We were nearing the Residency now. "When I see it, I weep, huzur. My grandfather's father laid siege to it and but for treachery, the red-faces firangis would have quit after the gadr. And his body was brought back in his favourite ekka -- this very same." I tried to rig an expression appropriate to the memory of a great martyr.
Suddenly he whipped Dilkhush in a sadistic frenzy and true to his description, the ekka swung violently from side to side. If felt like a scale eight earthquake. I would have been thrown out, had it not been for the fact that I was clinging desperately to one of the posts, which was once plated with gold.
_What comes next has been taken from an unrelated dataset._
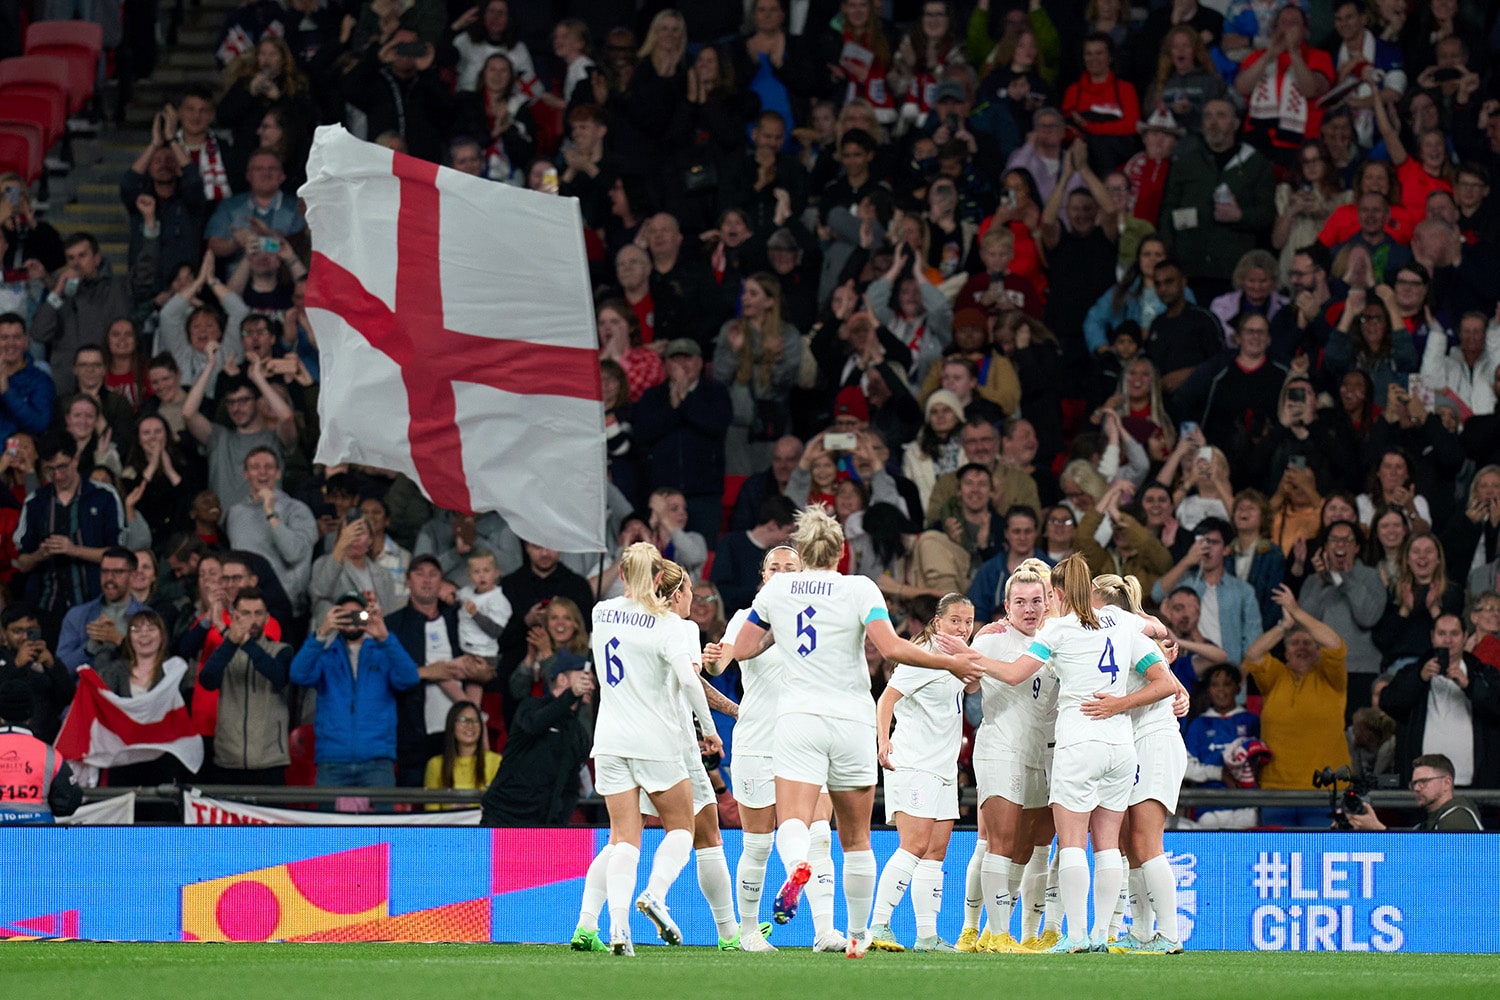 The England Lionesses together during a match at Wembley Stadium.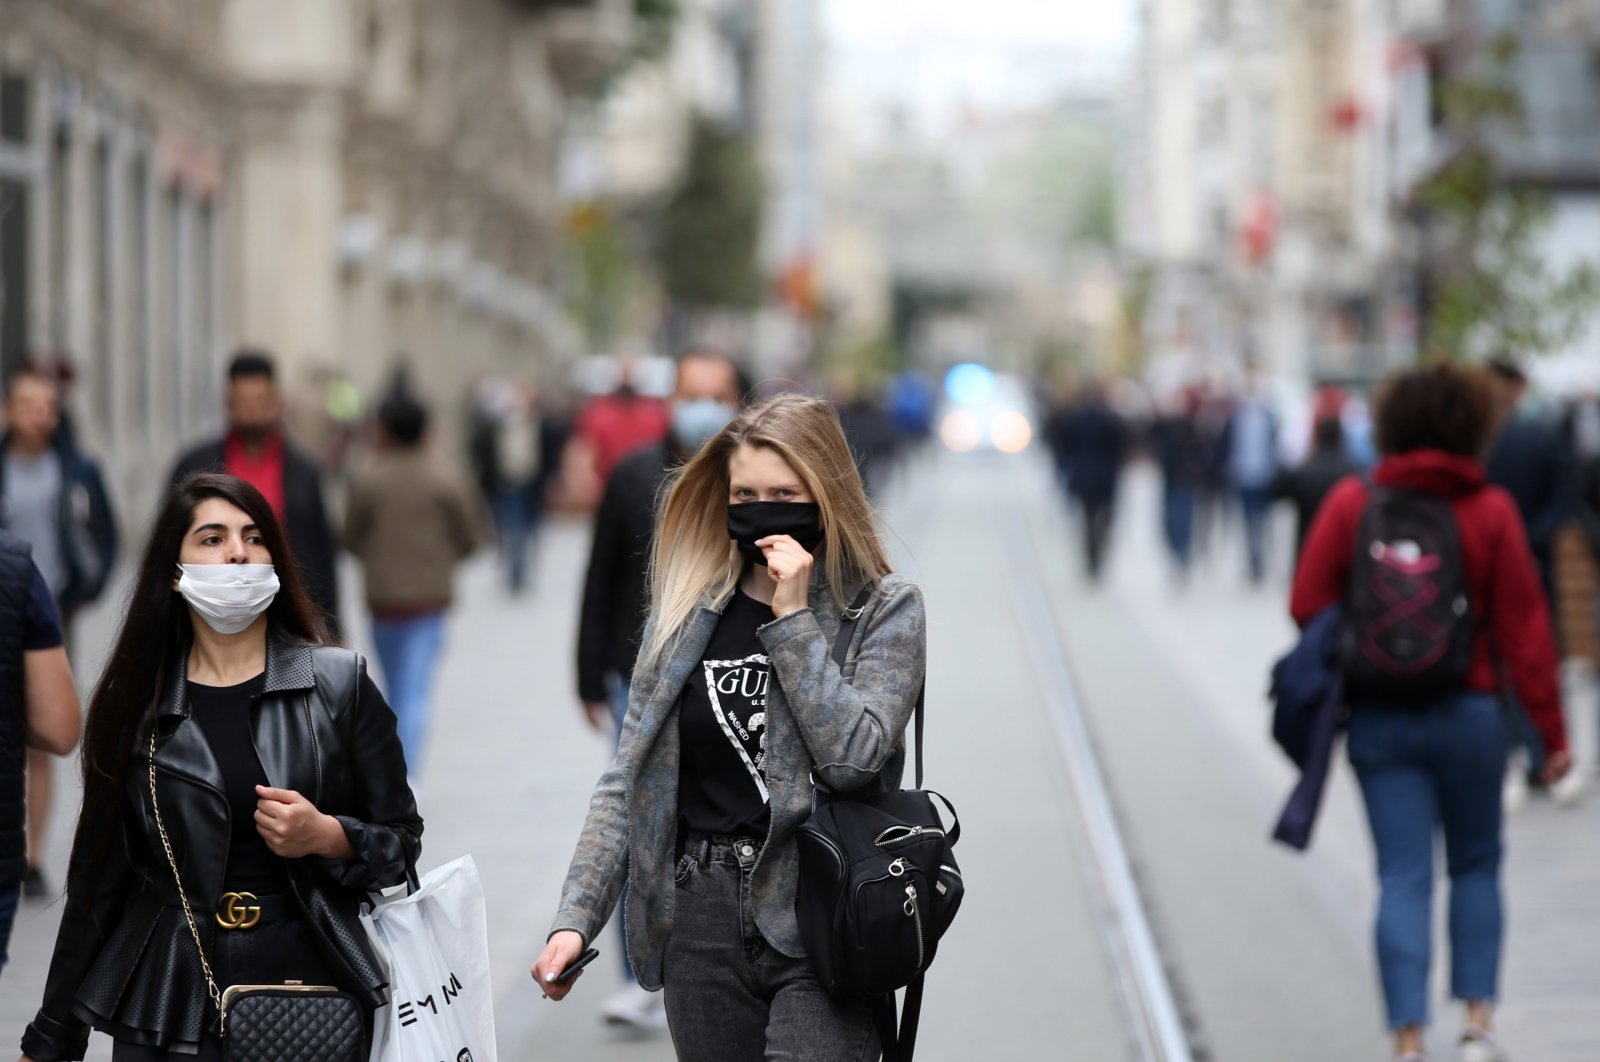 Two women walk on Istiklal Avenue wearing masks to protect against COVID-19, in Istanbul, Turkey, May 8, 2020. (AA Photo)

"Now that's it, huzur. By this evening, all your stomach problems will have melted away. My grandfather, for instance... This is bhulbhulaiya. Once you get in, there is no getting out, unless you take this naksha with you. Twenty rupees, huzur. My grandfather's uncle's brother drew it and it is the very same map..."
This journey itself was taking on the proportions of a bhulbhulaiya, and there seemed to be no getting out. I decided I had received enough treatment for all my stomach problems past, present and future, and was headed for an overdose. I snatched the naksha out of the gnome's hand, leapt out of the curative ekka and vanished into the labyrinth of the bhulbhulaiya.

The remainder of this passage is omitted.